On the trip back home, on 49 north to Jackson, saw maybe 15 separate National Guard Convoys, maybe 75 fuel tankers in all with them. Also saw 50-60 Indiana State Police cars around Jackson headed South. Thank you.
Saw incident command vehicles from Baltimore between Laurel and Ellisville, included fire department command, police command, ambulances and two FEMA vehicles. Thank you, too.
Monday morning at 8:30, waited in line for 45 minutes to get $30 limit of gas at $2.49 per gallon to get back to Arkansas. Ellisville had 7 p.m. curfew because of F'n looters. Guard, police, etc., letting in cars one at a time, in one way and out the other.

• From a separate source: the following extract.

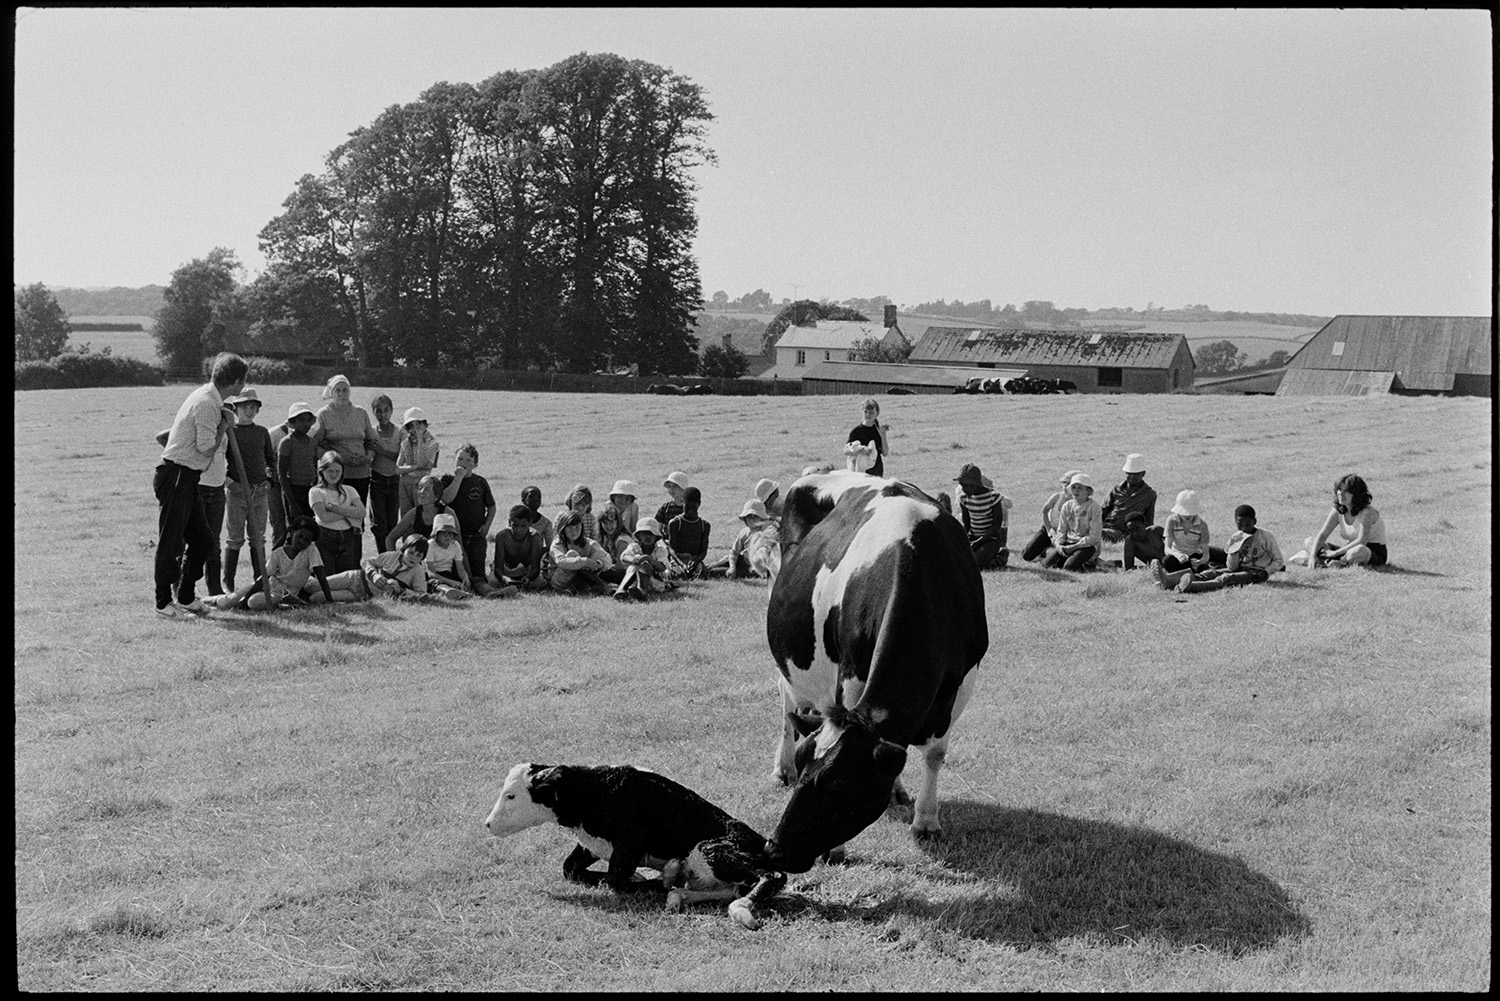 School children watching a cow and new born calf in field.
[A group of children being shown a cow with a new born calf in a field at Parsonage Farm, Iddesleigh as part of the Farms for City Children project. In the background is the farmhouse and farm buildings, next to a group of large trees,]

Most yards had fallen, but most, as I said before, were on the ground, not on houses. It was awful to see my hometown hit like that. But at the same time, it was a relief at the same town.
Will probably rent the house. That's what I should have already done, but it's hard to let go. If I rent it, I feel like I can't go back home.
My second cousin's brother-in-law and his wife are building a house. Supposed to be ready by end of the year, but now it will probably take longer. The house they were living in is now unlivable. They need a place to stay for about six months, I need somebody to live in the house and take care of it. That's the best thing I can do–let somebody take care of it for me for right now.